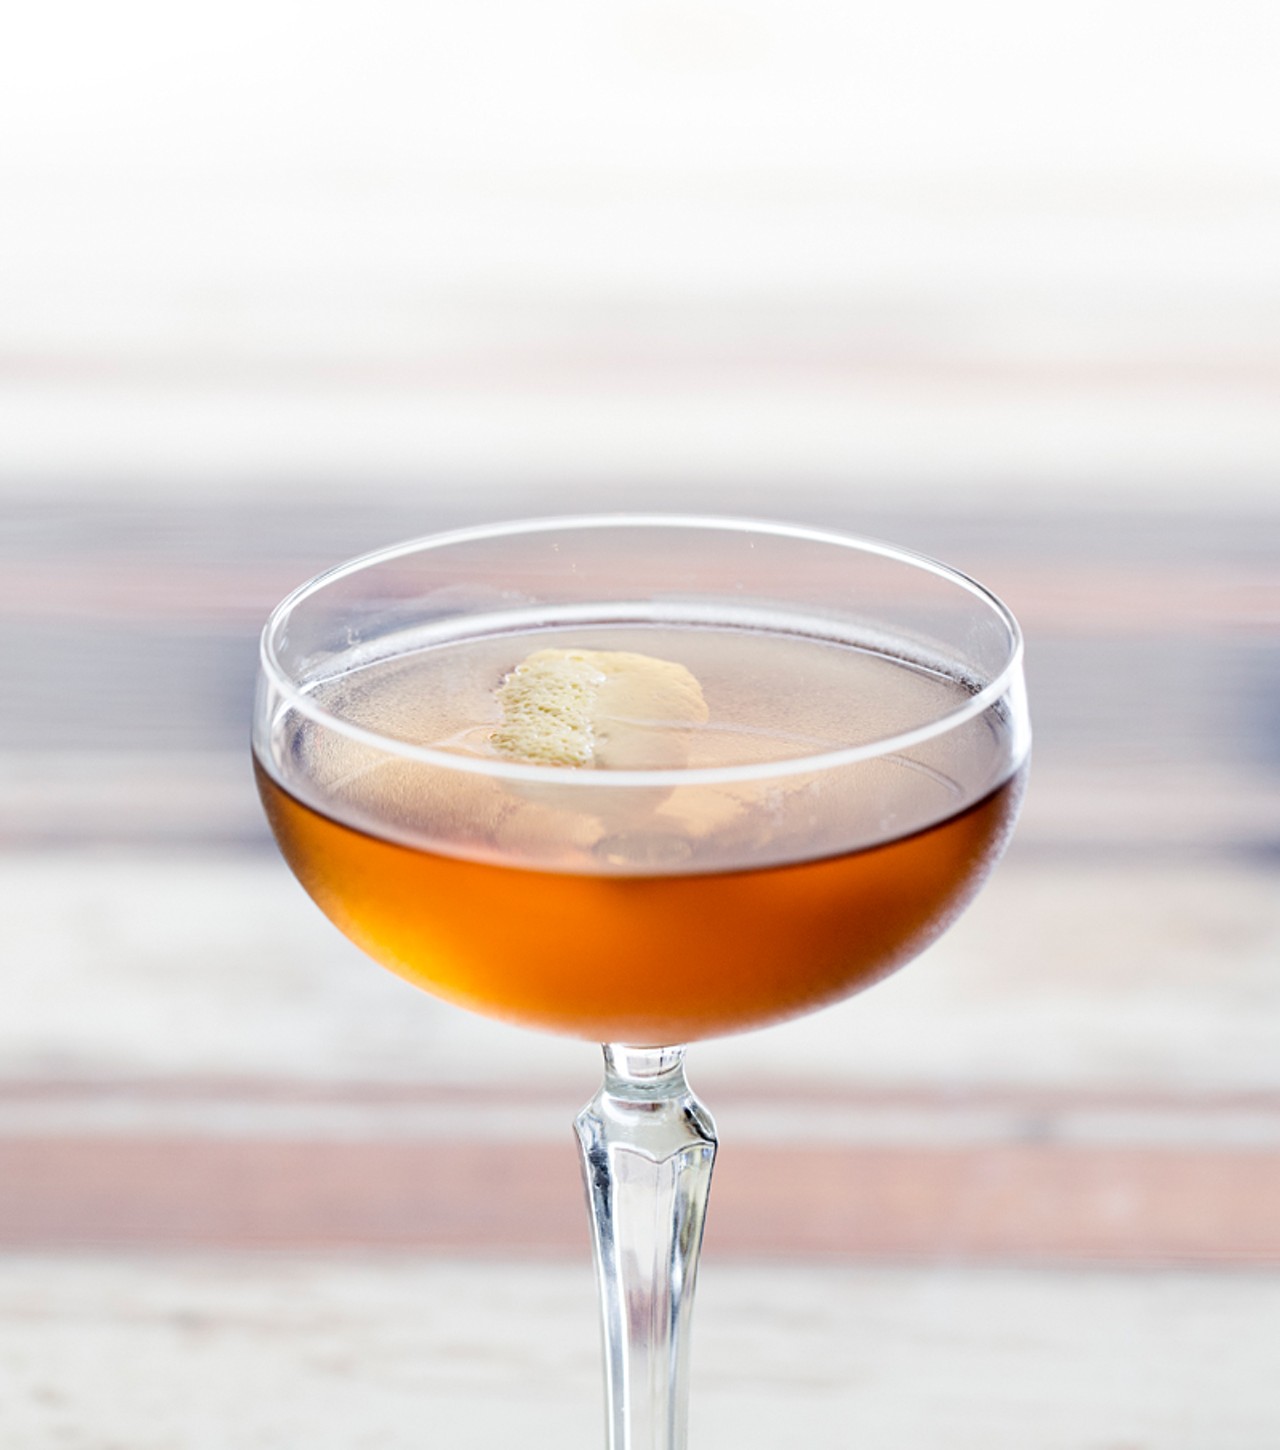 The "Bourbon Reforms" is made with bourbon, Missouri moonshine, sweet vermouth, benedictine and habanero shrub bitters.
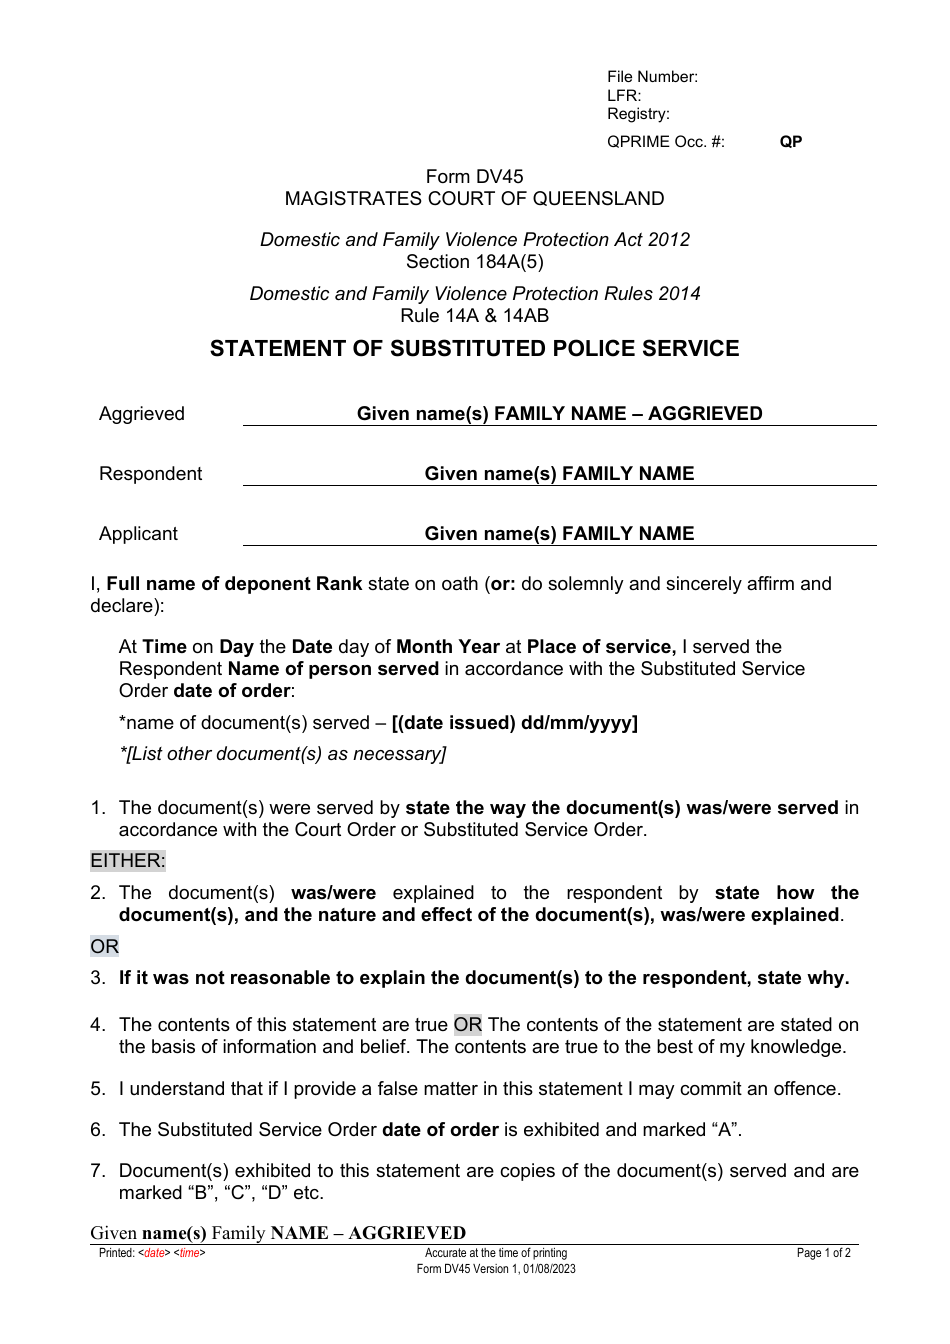 Form DV45 Statement of Substituted Police Service - Queensland, Australia, Page 1
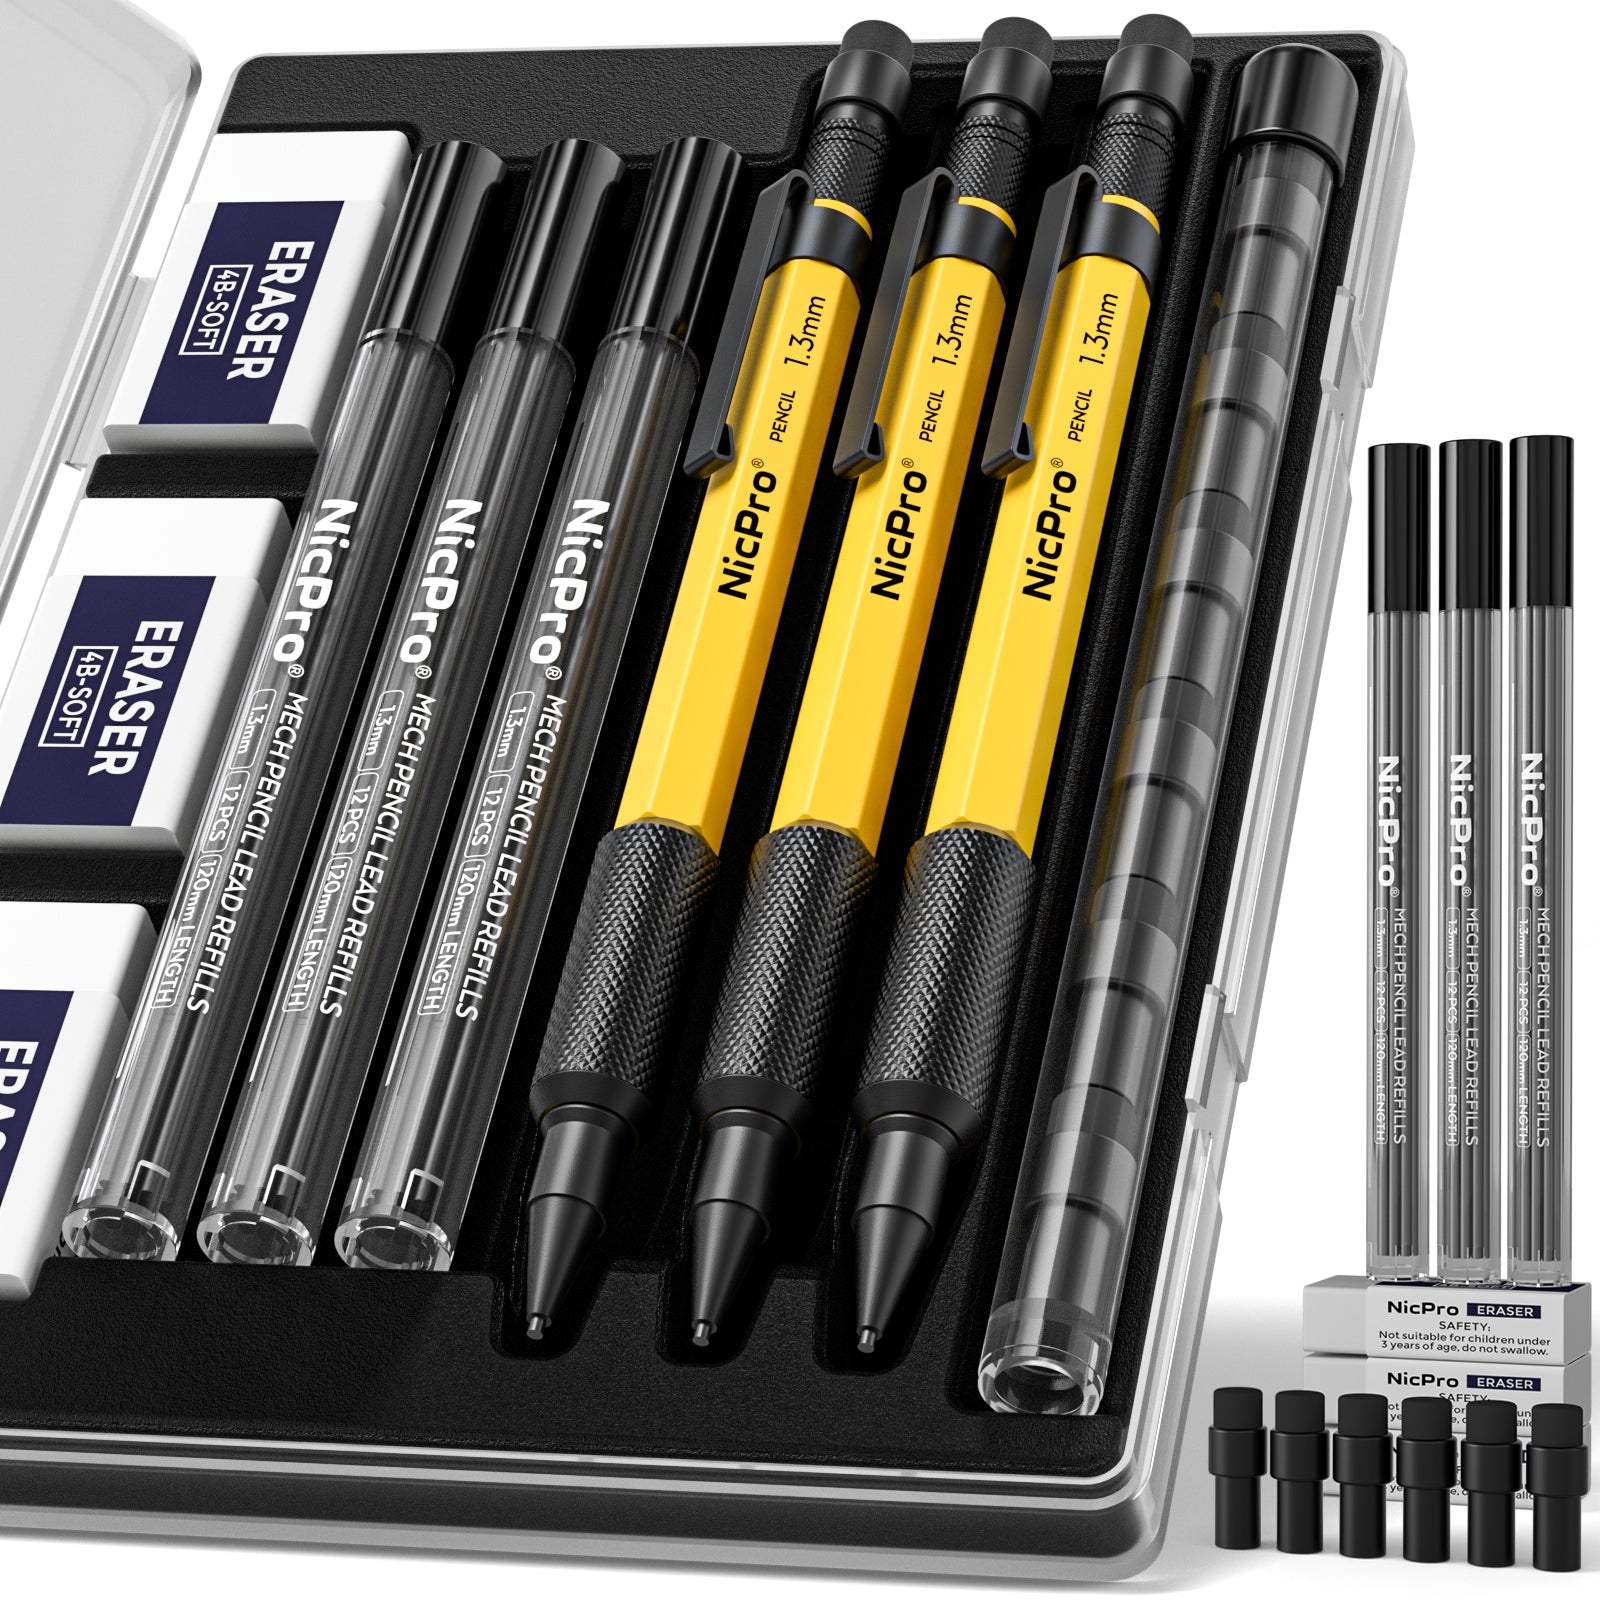  Mr. Pen- Mechanical Pencil Set with Leads and Eraser Refills,  5 Sizes - 0.3, 0.5, 0.7, 0.9 and 2 Millimeters, for Drafting, Drawing and  Sketching : Office Products

THE PROBLEM: Please transcribe the listing exactly as it stands, but omit its pictures.

PROBLEM SOLUTION:
 The "Bourbon Reforms" is made with bourbon, Missouri moonshine, sweet vermouth, benedictine and habanero shrub bitters.
 Form DV45 Statement of Substituted Police Service - Queensland, Australia, Page 1
  Mr. Pen- Mechanical Pencil Set with Leads and Eraser Refills,  5 Sizes - 0.3, 0.5, 0.7, 0.9 and 2 Millimeters, for Drafting, Drawing and  Sketching : Office Products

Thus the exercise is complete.